Case:
BGH NJW-RR 1987, 144 VII. Civil Senate (VII ZR 245/85)
Date:
09 October 1986
Translated by:
Raymond Youngs
Copyright:
Professor Basil Markesinis

(...)

Grounds:
The appeal court leaves open the question of the claimant’s authority for the claim, and considers all the claims to be time-expired on the 29th September 1982. It assumes that there was a guarantee period of two years in accordance with § 12 (1) of the contract and that the period commenced with the inspection and approval of the building work in accordance with § 8 (1) of the General Conditions of Contract for Architects' Contracts (AVA). It regards the length and commencement of the guarantee period as "negotiated" (ausgehandelt). The appeal in law successfully challenges this.

1. According to § 12 (1) of the architects' standard form of contract, a period of 2 years is agreed as the limitation period for the liability of the architect in accordance with § 8 of the AVA. This number is, like other entries in the form - with the exception of the hand written correction of a description of house types and the date of the document - inserted with a typewriter. The contract document therefore appears, as the appeal court also accepts, to be general conditions of contract put forward by the defendant. In such conditions of contract, the statutory guarantee period cannot be effectively shortened (...). General conditions of contract are not however present in so far as the contractual conditions have been "negotiated" individually between the parties (§ 1 (2) of the AGBG (General Conditions of Contract Act) [§ 305 (1) sentence 3 of the BGB]).

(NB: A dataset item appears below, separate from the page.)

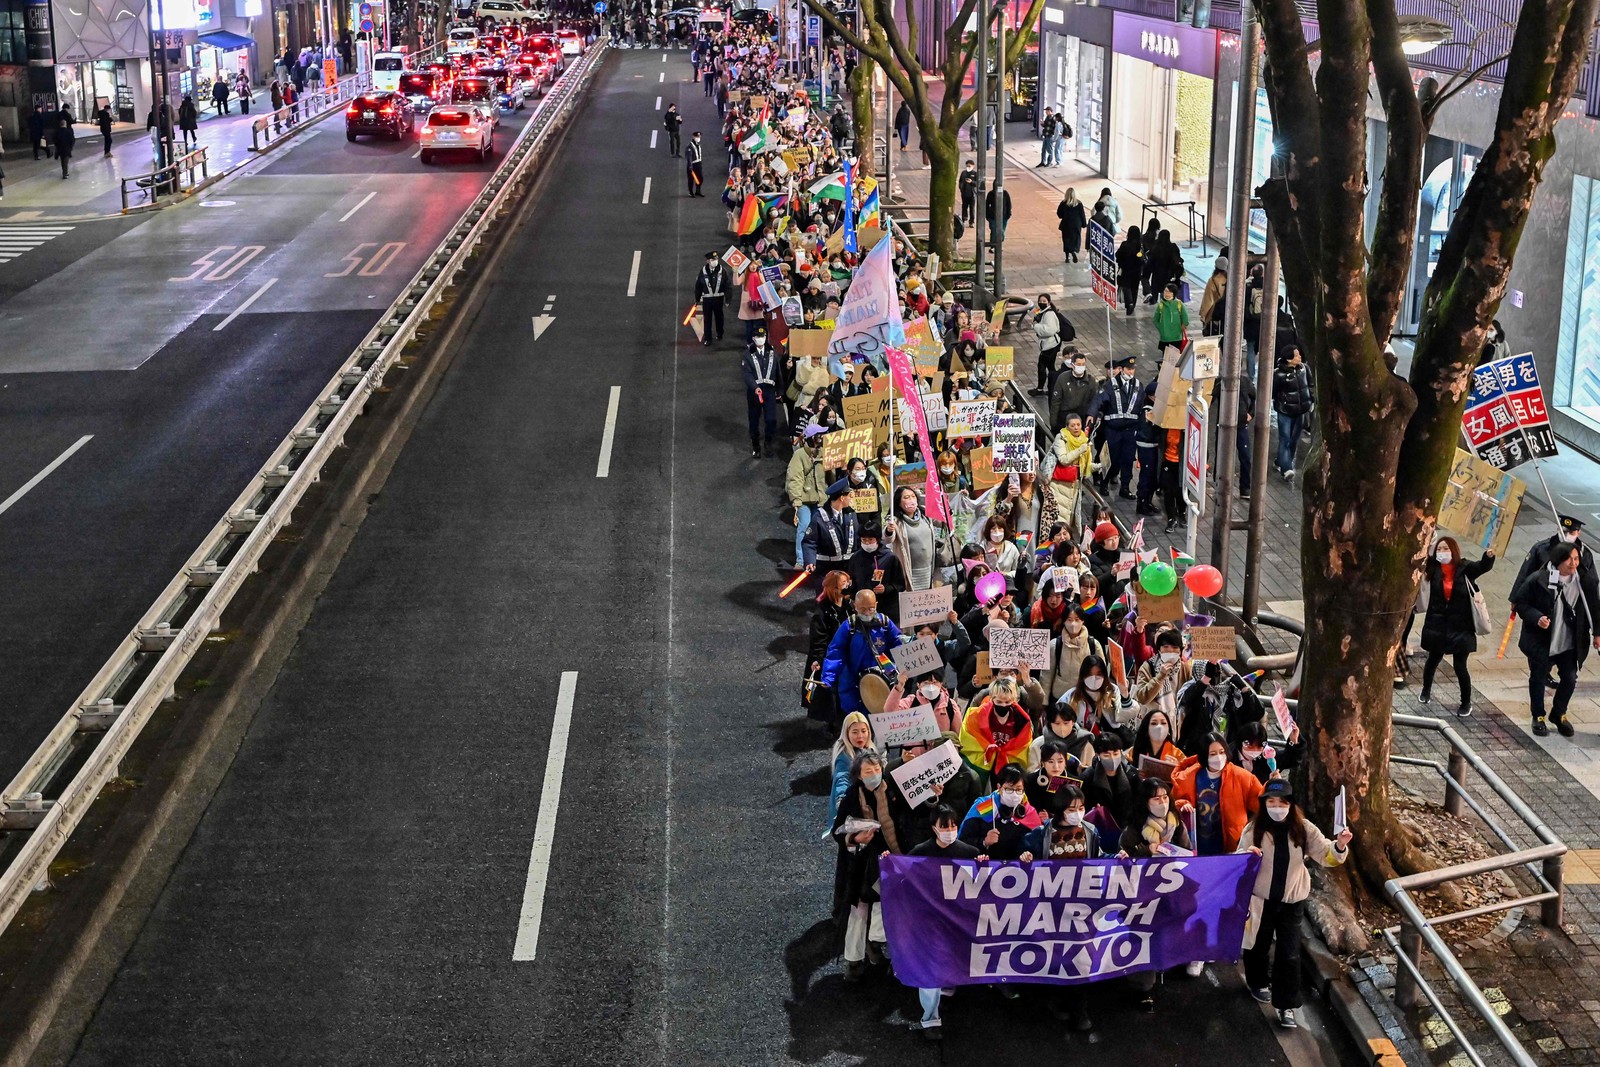 Marcha pelo Dia Internacional das Mulheres em Shibuya, Tókio, Japão — Foto: RICHARD A. BROOKS

2. The appeal court bases its finding that the length and commencement of the guarantee period had been "negotiated" on the evidence of the civil engineer A interrogated by it, who had concluded the architect’s contract with the defendants on behalf of F. A has stated:

He had knew the form of contract brought by the first defendant to the negotiations as the standard form of the Architect's Association, and had therefore had no doubts about its use. The points which were to be individually determined had been talked through. In so far as the form had needed to be completed, these issues had been very intensively discussed, as well as the limitation issue. He had had in mind first of all to get a five-year period accepted. But then he had discovered that the developer R would only be liable under its guarantee for two years. The limitation period for the liability of architects should to run in tandem with the period for the developer’s liability. The participants were in agreement here in assuming that the period should begin with the inspection and approval of the building for the defendants as well. Apart from the level of the fee, where he had had to make concessions to the defendants, the contract had corresponded with his wishes in every respect.

The course of dealings thus described does not support the appeal court’s finding that the length and commencement of the guarantee period were "negotiated".

a) "Negotiate" means more than "treat" (Verhandeln) (references omitted). So it does not suffice for a finding that the contract or individual clauses were "negotiated" that the form put forward is known to the negotiating partner and does not meet with objections, or that the content is merely explained or discussed and corresponds with the wishes of the partner (references omitted).

b) It is only possible to speak of "negotiation" when the user first seriously puts “on the table” the core content which is contrary to statute law in his general conditions of contract ie the provisions which amend or supplement the substantial content of the statutory regime, and gives the negotiating partner freedom of formulation for protection of his own interests, with at least a real possibility of influencing the shaping of the content of the contractual conditions (references omitted). He must therefore clearly and seriously declare himself prepared to make the desired amendment to the individual clauses. As a rule, such preparedness also leaves its mark in identifiable amendments to the preformulated text. In special circumstances a contract can however be rated as the result of a “negotiation” even if in the end, after thorough discussion, it stays in the form of the original draft (references omitted).

c) Neither the defendants’ submissions nor the description of the course of dealings by the user's contracting partner give any ground for thinking that the defendants here would have been seriously prepared to amend the pre-formulated contractual conditions at the wish of the negotiating partner. The civil engineer A appearing for F and the future clients’ association has neither requested nor secured any amendment to the text as preformulated with the gaps already filled in, in spite of exhaustive discussion. Instead, he has agreed to all the contractual conditions. His unsuccessful attempt to bring the fee down did not concern the preformulated contractual conditions. It is true that he had "in mind" at first get a five-year guarantee period accepted. But he abandoned this of his own accord when he had discovered – and this can only have happened from his firm - that the developer R associated with F was only to provide a guarantee for two years, which he apparently saw as irreconcilable. Nothing in his description of the dealings suggests that the two year period provided for by the defendants for their liability had seriously been put “on the table” by them. A has only given evidence about his own considerations which caused him to accept the two year period required by the defendants. For this, he could not even get a reduction of the remuneration accepted, even though this was at that time inherently possible. Thus it can in any event be deduced from his representation of the results of the dealings that he gave way to a supposedly better insight and thereby submitted to the contractual conditions.